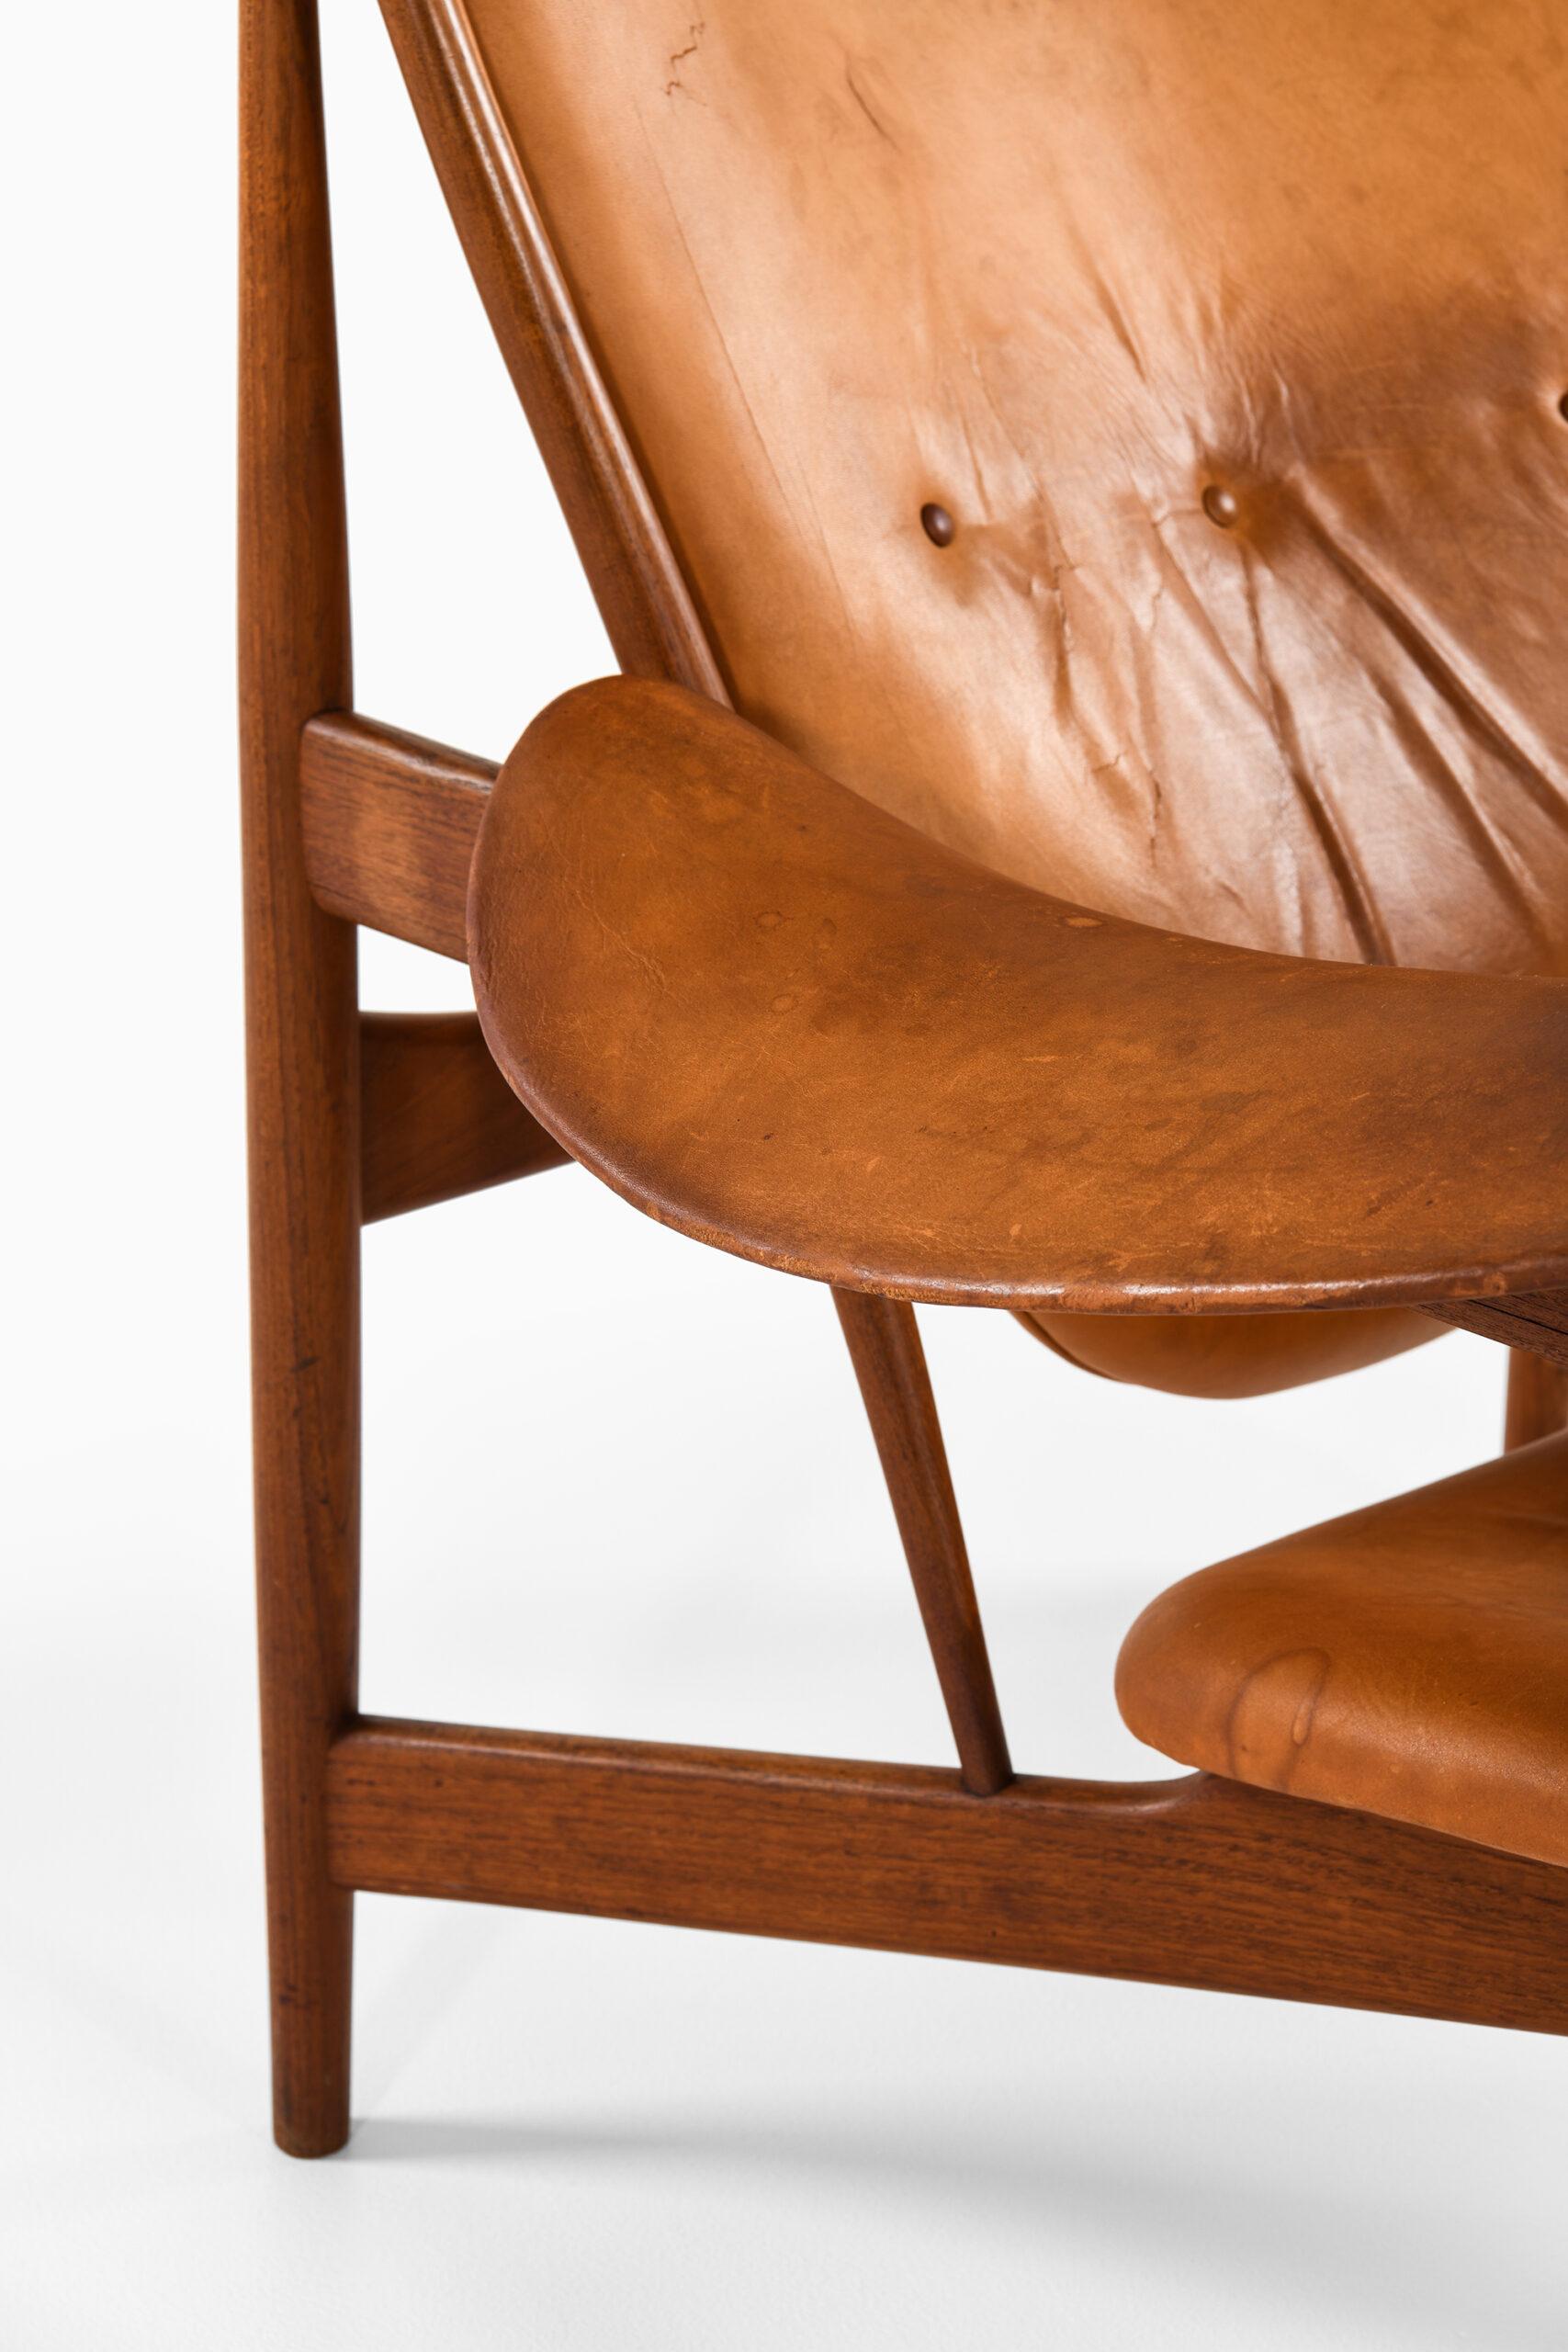 Leather Finn Juhl Chieftain Easy Chair Produced by Cabinetmaker Niels Vodder
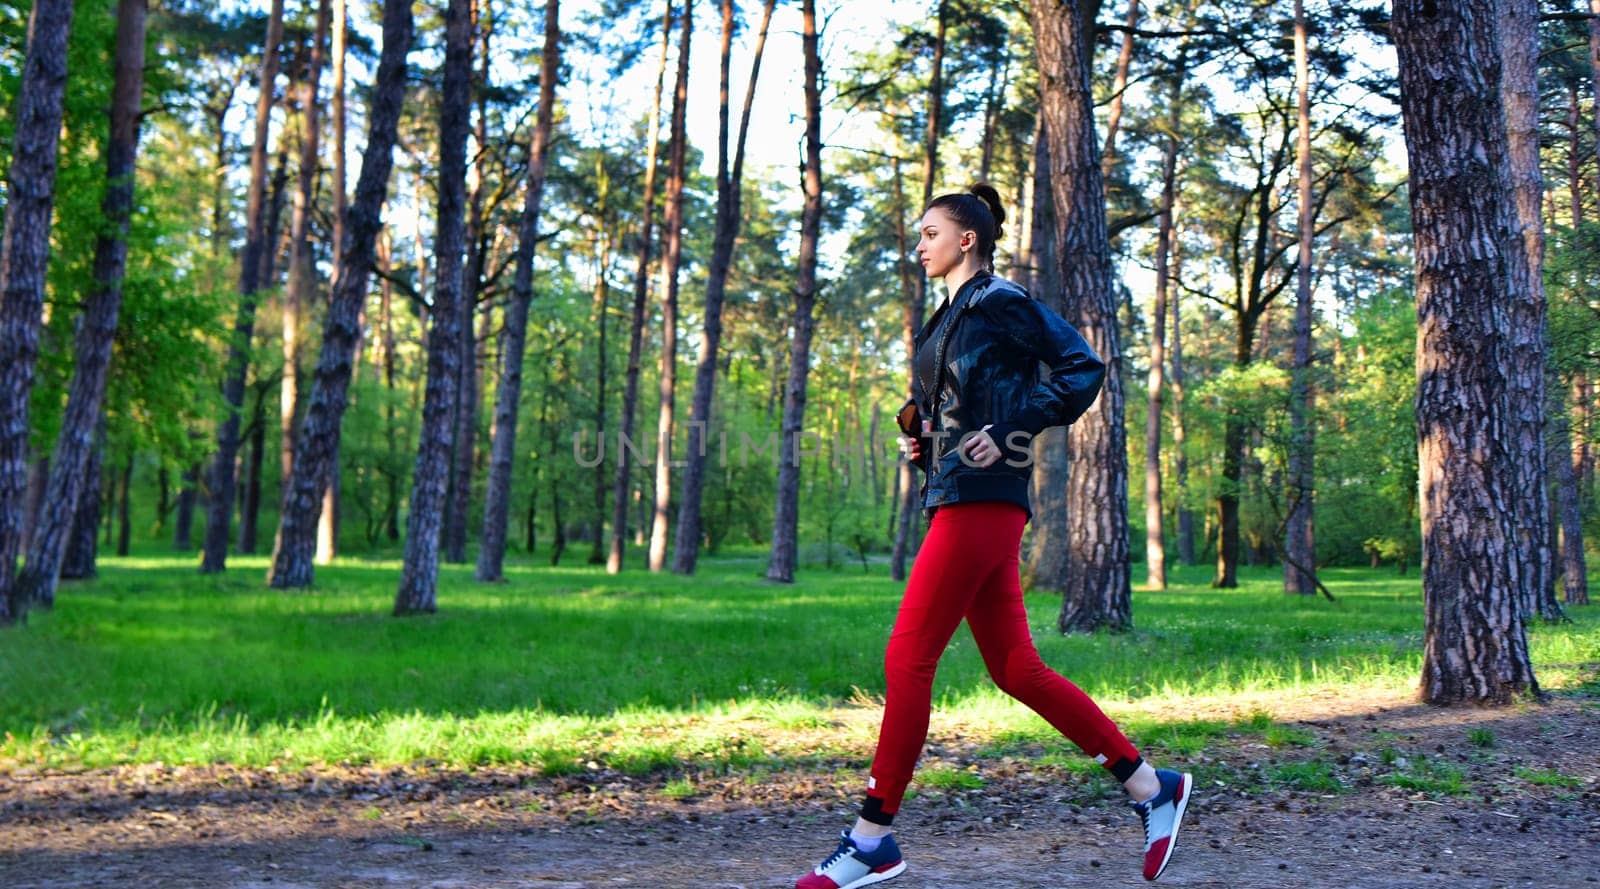 A young woman on a jog in the park. Jogging in nature
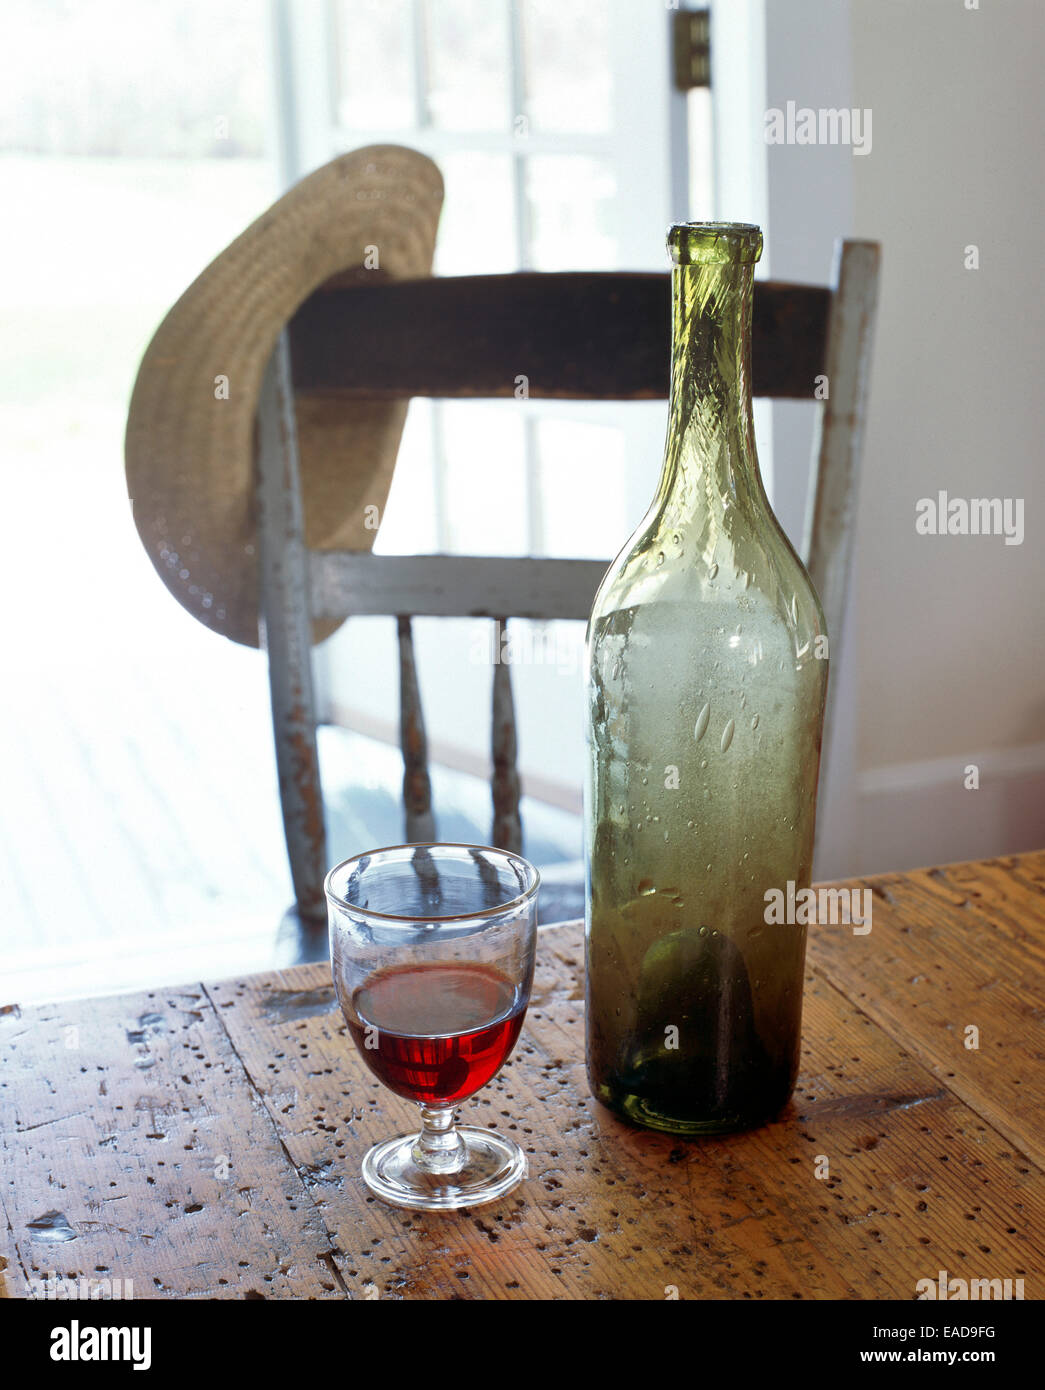 Empty bottle and glass of red wine by open door with straw hat resting on chair Stock Photo

....

### Instructions to follow
Give back each line above verbatim, dropping every picture.

### Task answer
 Leather Finn Juhl Chieftain Easy Chair Produced by Cabinetmaker Niels Vodder
 A young woman on a jog in the park. Jogging in nature
 Empty bottle and glass of red wine by open door with straw hat resting on chair Stock Photo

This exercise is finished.